Article Preview
Top1. Introduction
A gesture is an essential part of communication between humans in day-to-day life. For the Deaf and hard-of-hearing persons, gestures are their primary mode of communication. The Deaf community uses sign language to interact with each other and with hearing people. Because not all Deaf people can read or write, sign language is a natural language for them. When hearing people do not understand sign language used by the Deaf, communication becomes difficult. It becomes even more complicated when an emergency arises, and other people cannot understand the message that the Deaf are attempting to convey. Human interpreters are one of the best alternatives in such an emergency. However, the problem arises when human interpreters are not available, as there are only about 300 Indian Sign Language (ISL) certified human interpreters in India (ISLRTC n.d.). Furthermore, the conversation loses its privacy because the ISL interpreter is present.
Sign language recognition and translation, if automated, can be one of the best alternatives to assist the Deaf community in filling this gap. There are two approaches to automating this process of sign language recognition and translation: (i) Sign language to text conversion, which recognizes signs and converts them into text so that other people can understand the words communicated by Deaf, and (ii) Text to sign language conversion, which helps Deaf understand what hearing people are trying to communicate. The system implemented using any of these approaches should work with different backgrounds, with different people of different ages performing signs. Such an approach can then be used in public places or emergencies such as police stations, hospitals, airports, and railway stations, and many others.
In this paper, the problem of converting ISL to English text is approached as work in this area is still in its infancy. The work for converting sign language to text is divided into two parts: (i) Recognizing sign language gestures and classifying them into gloss sequence, and (ii) Translating ISL gloss sequence into text.
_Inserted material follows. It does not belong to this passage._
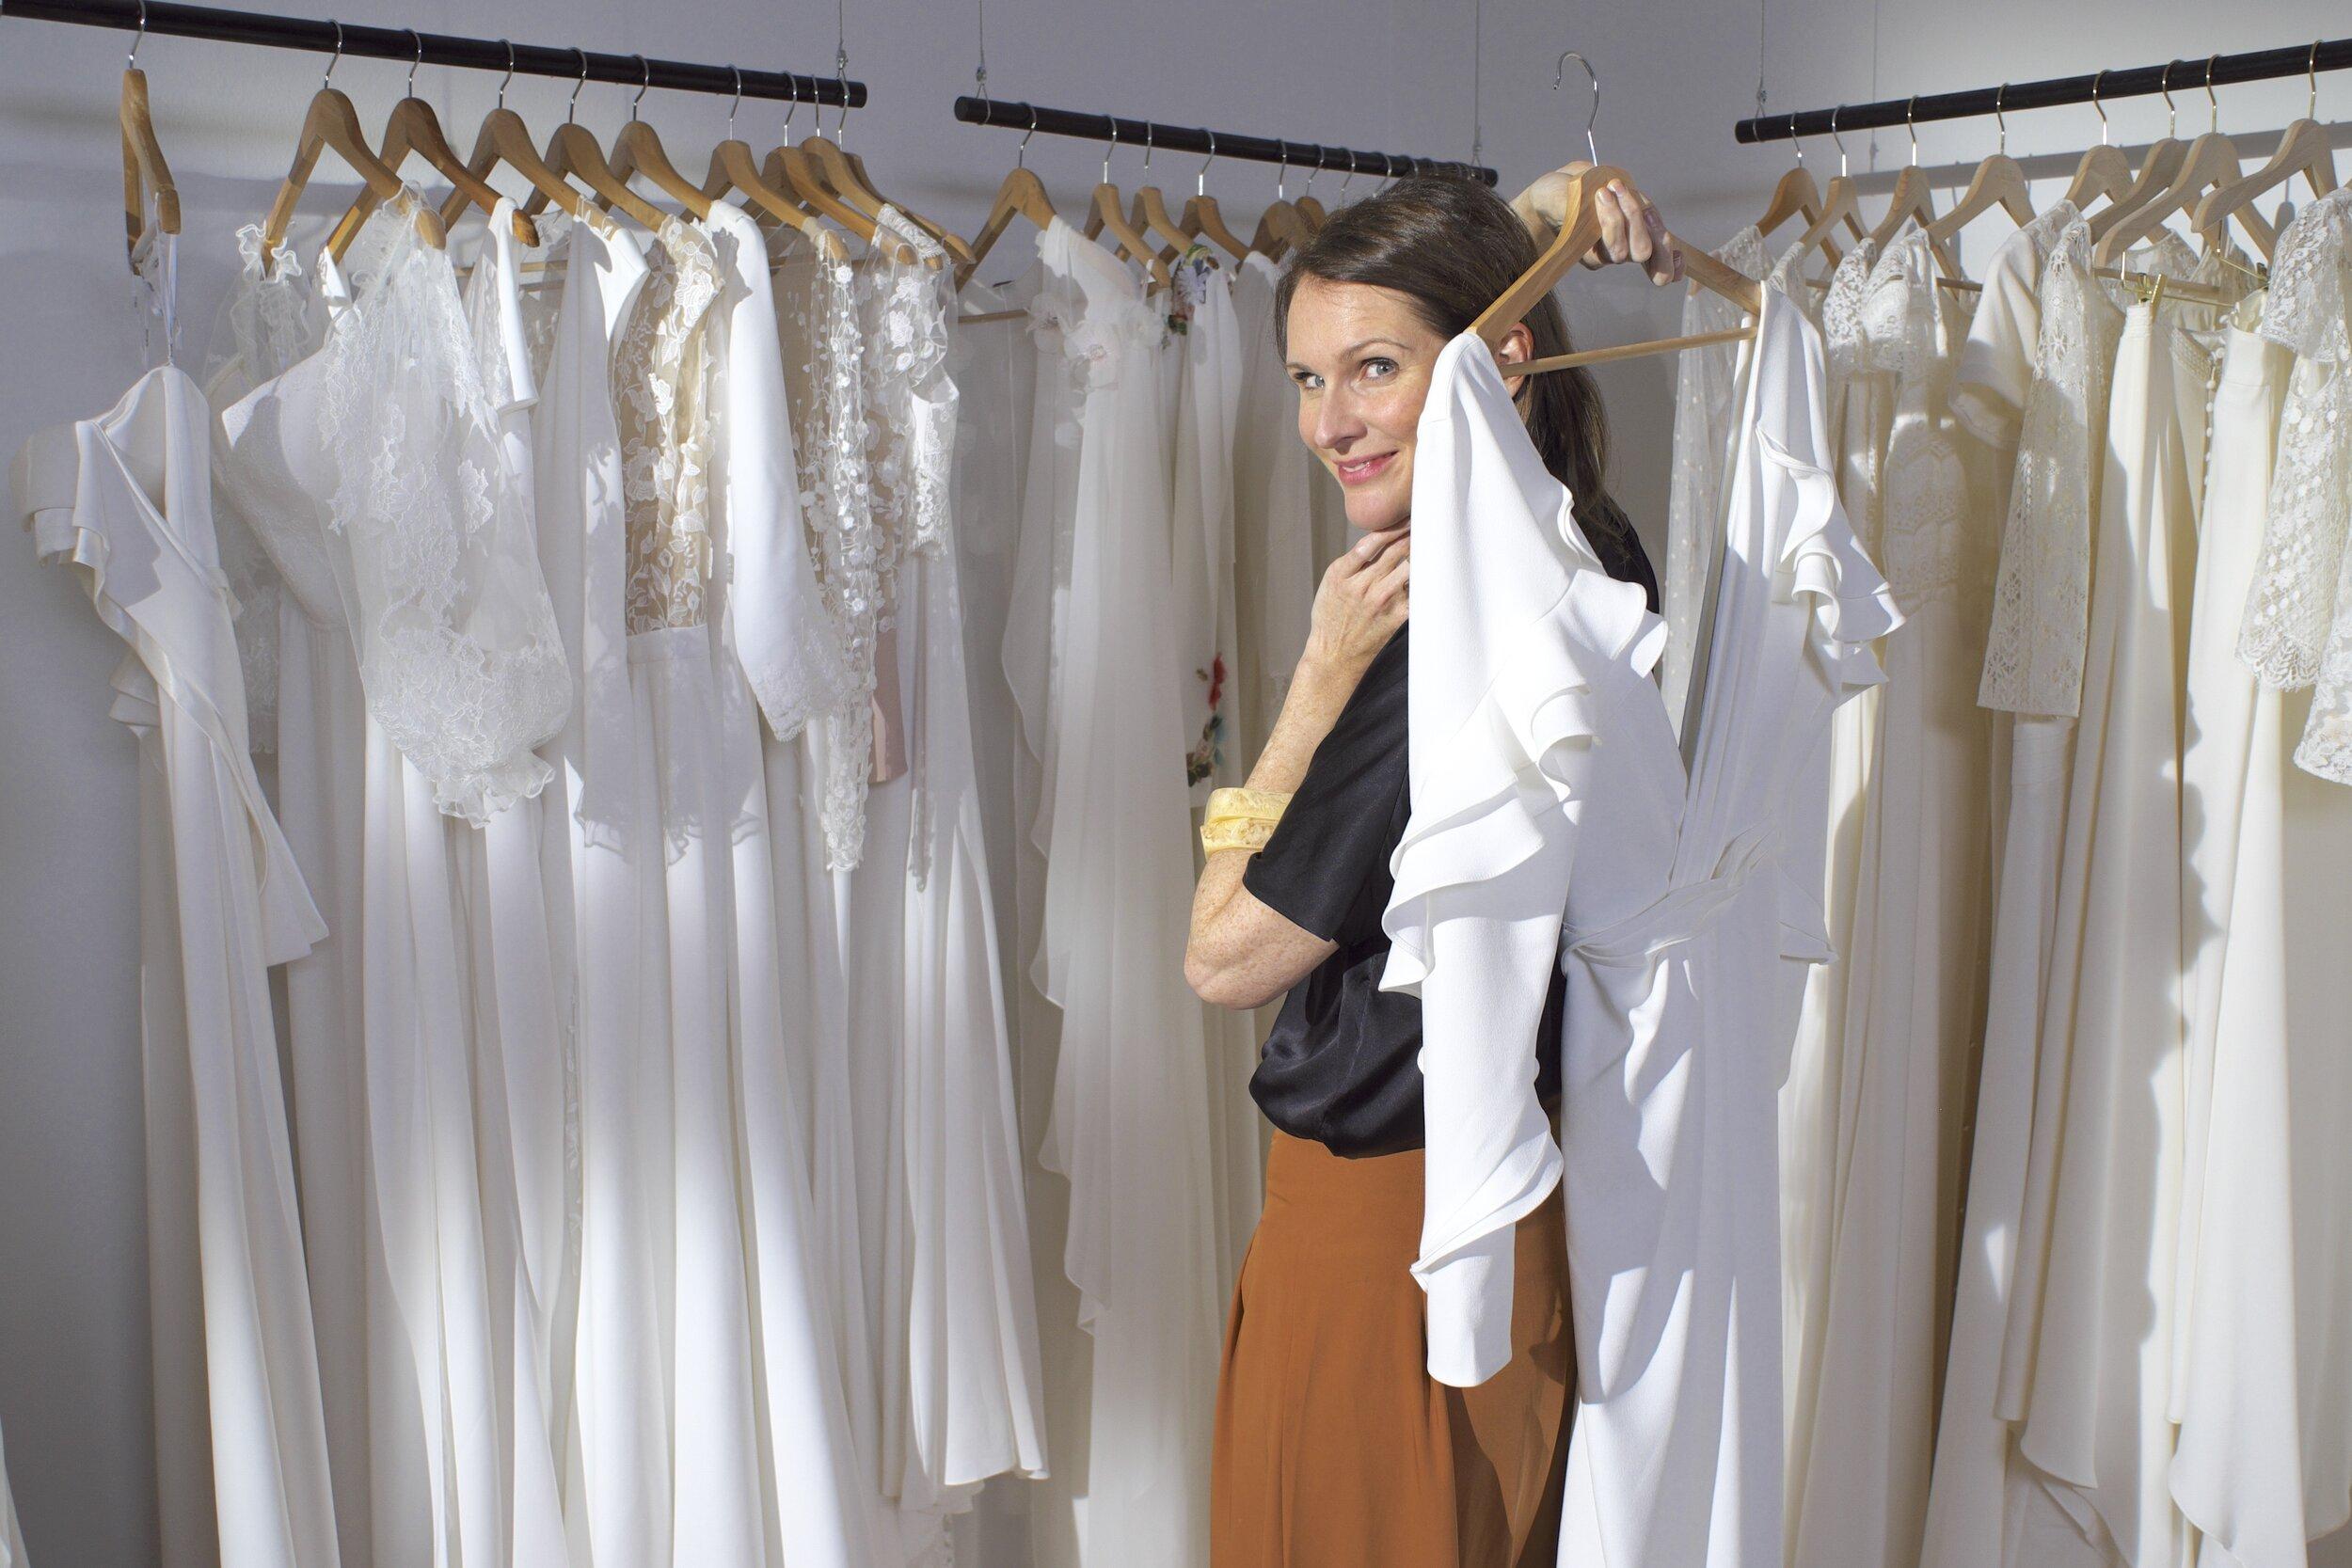 Zoe with Dresses.JPG

This distinction is critical because the grammars of spoken and sign languages are very different. Differences in word sequencing, different channels for conveying concurrent information, and the use of direction and space to indicate object connections are examples of these distinctions. Simply put, there is no simple word-to-sign mapping; the mapping between speech and sign is complicated. Until now, most researchers have considered sign language recognition a gesture recognition problem. Furthermore, most research work in ISL recognition is carried out for manual components, ignoring non-manual components such as facial expressions, body movement, and head movement. Also, research is limited to recognize letters and words in ISL, with little work carried out on sentence recognition. Also, research on ISL sentence recognition and translation has focused on local variants of ISL rather than standardized ISL.
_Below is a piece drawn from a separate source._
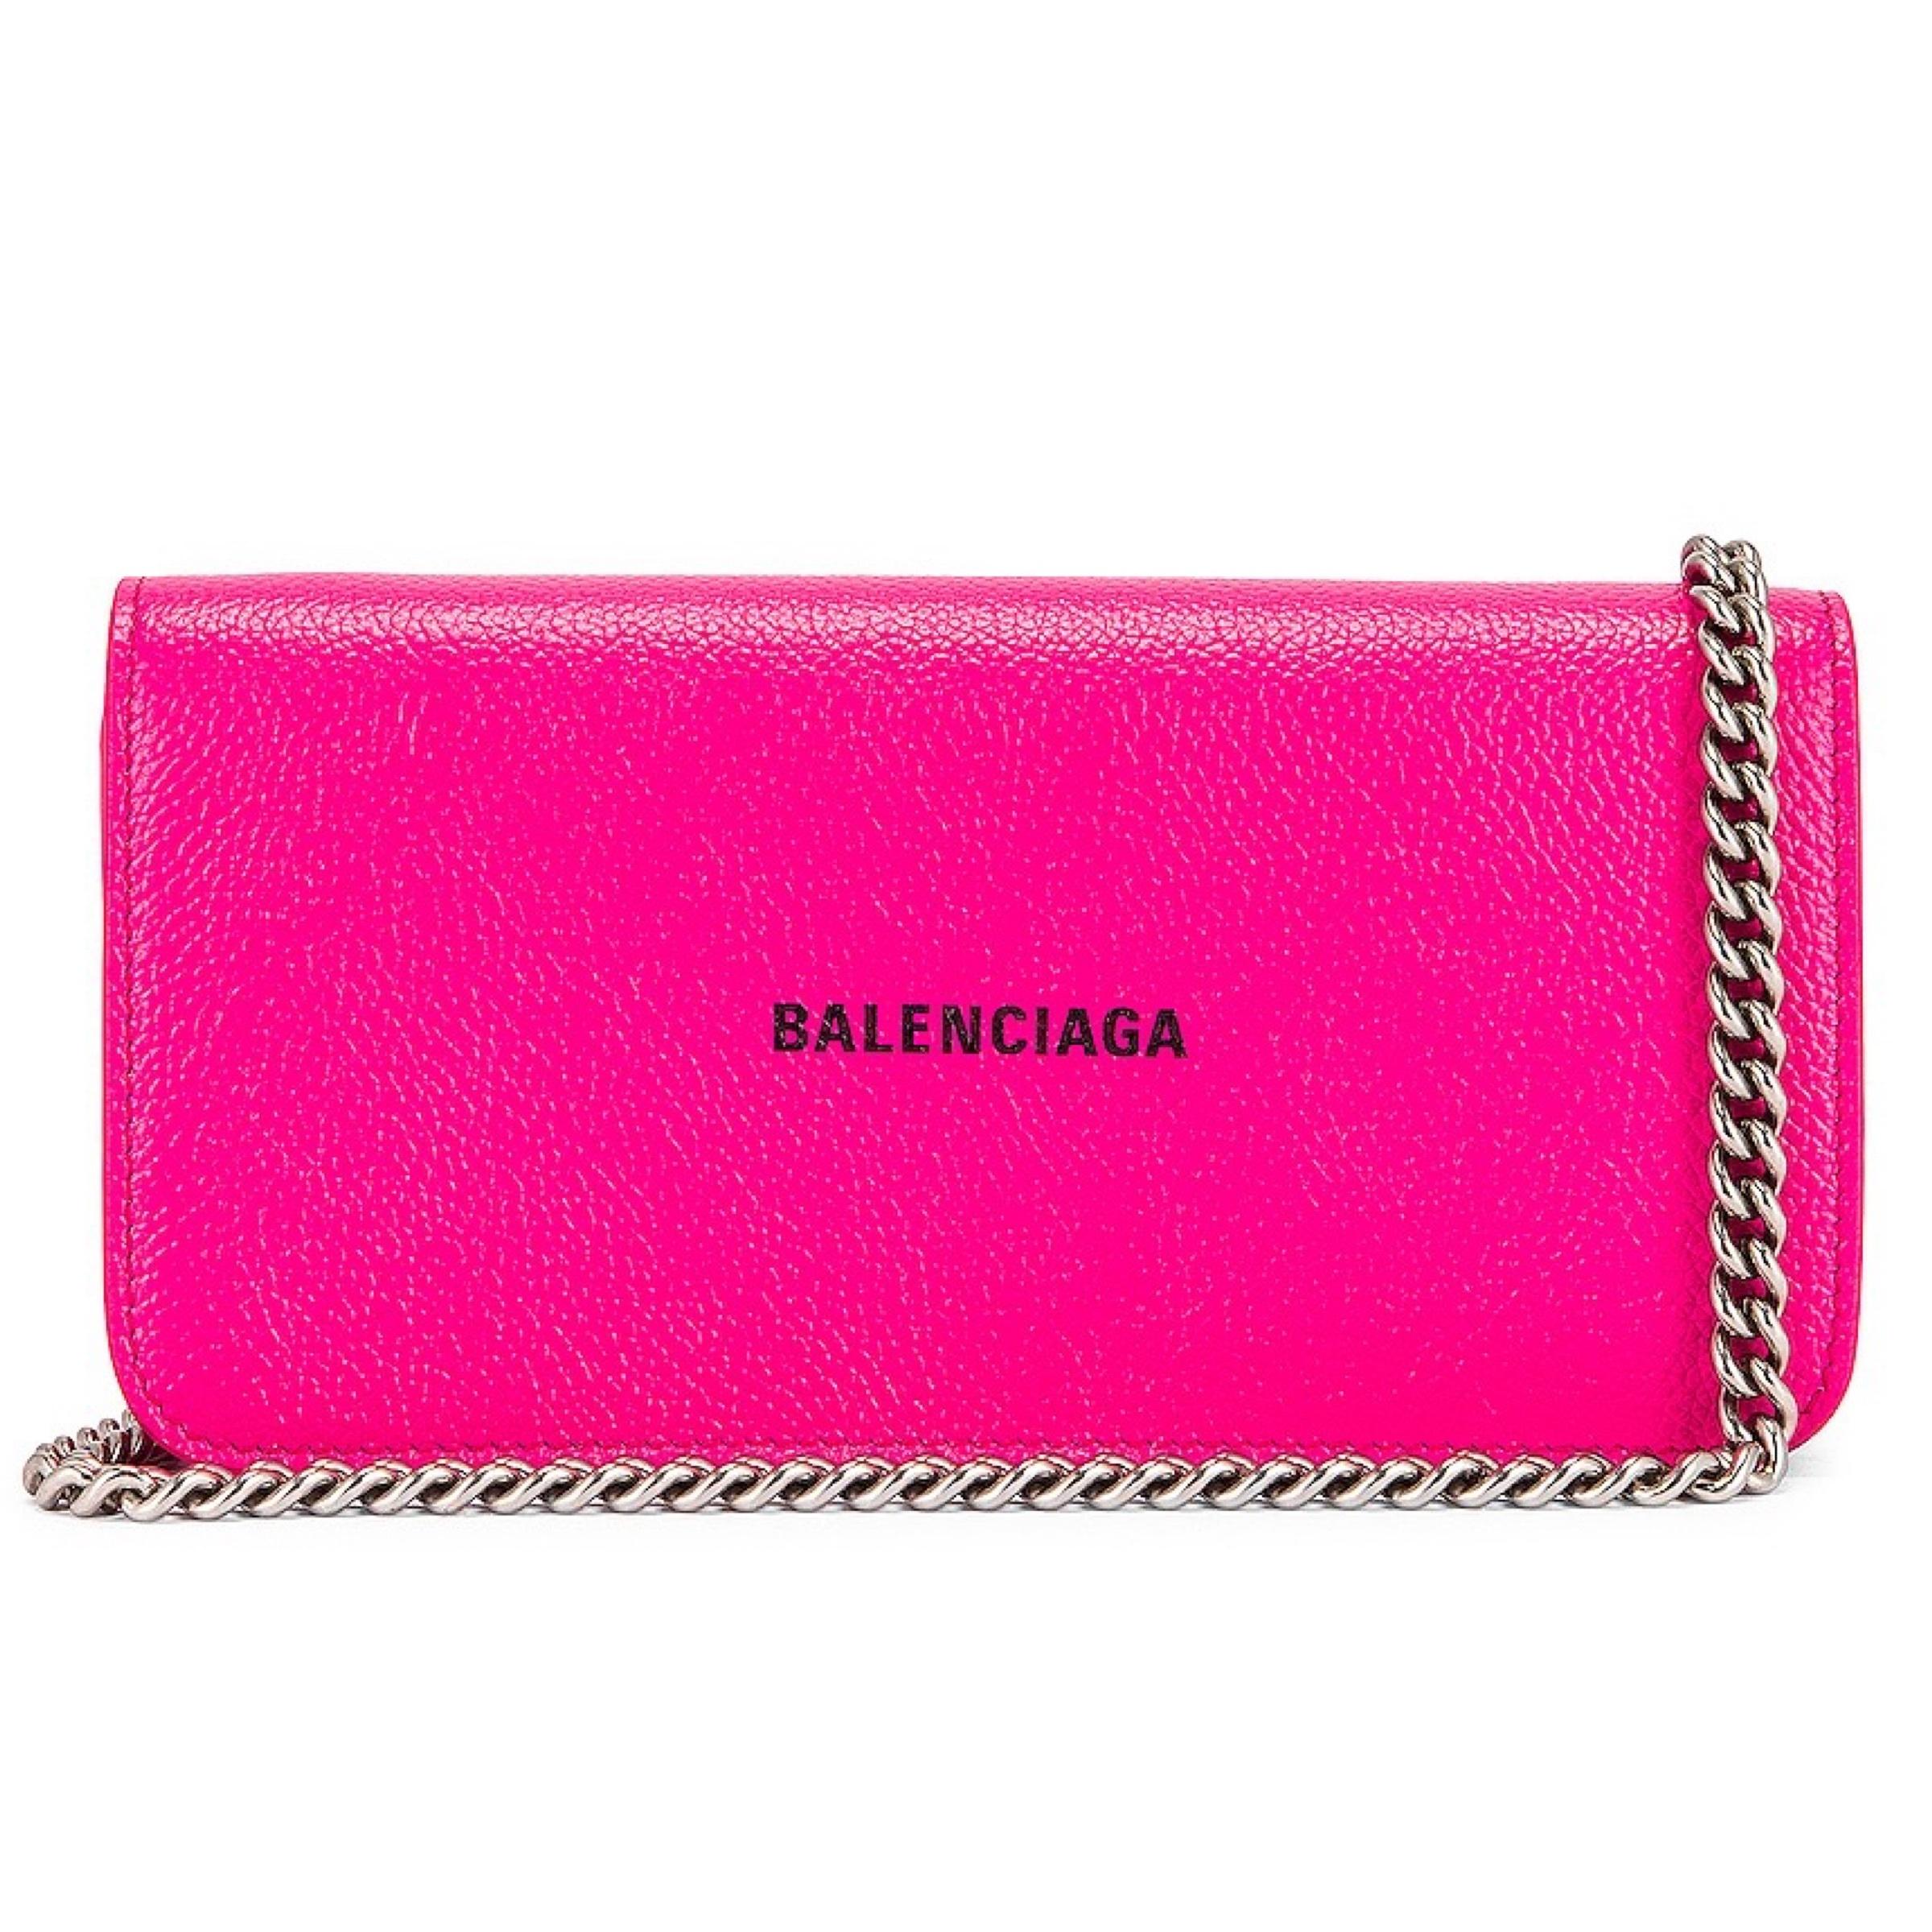 BALENCIAGA NEW Balenciaga Pink Cash Continental Chain Bag Crossbody Bag

In order to bring a common sign language at the national level, the Indian Sign Language Research and Training Centre (ISLRTC) has taken one initiative to launch a sign language dictionary (ISLRTC n.d.). To the best of our knowledge, no work is reported for Indian sign language recognition using the official dictionary of ISL words launched by ISLRTC. ISLRTC released two ISL word dictionaries in 2018 and 2019, with 3000 and 6000 words, respectively, to promote the use of ISL as an educational model for the Deaf community and train people to facilitate communication between Deaf and others. Therefore, the problem of national-level sign language recognition and translation for ISL sentences into semantically equivalent English text is emphasized by (i) Creating an ISL dataset with 47880 videos of 13720 ISL sentences and (ii) Creating an ISL corpus from the Brown corpus (Brown Corpus n.d.) to motivate research in the field of machine translation. These ISL glosses, for example, can be converted in the Hamburg Notation System (HamNoSys) and other notations to facilitate spoken language generation in a variety of languages.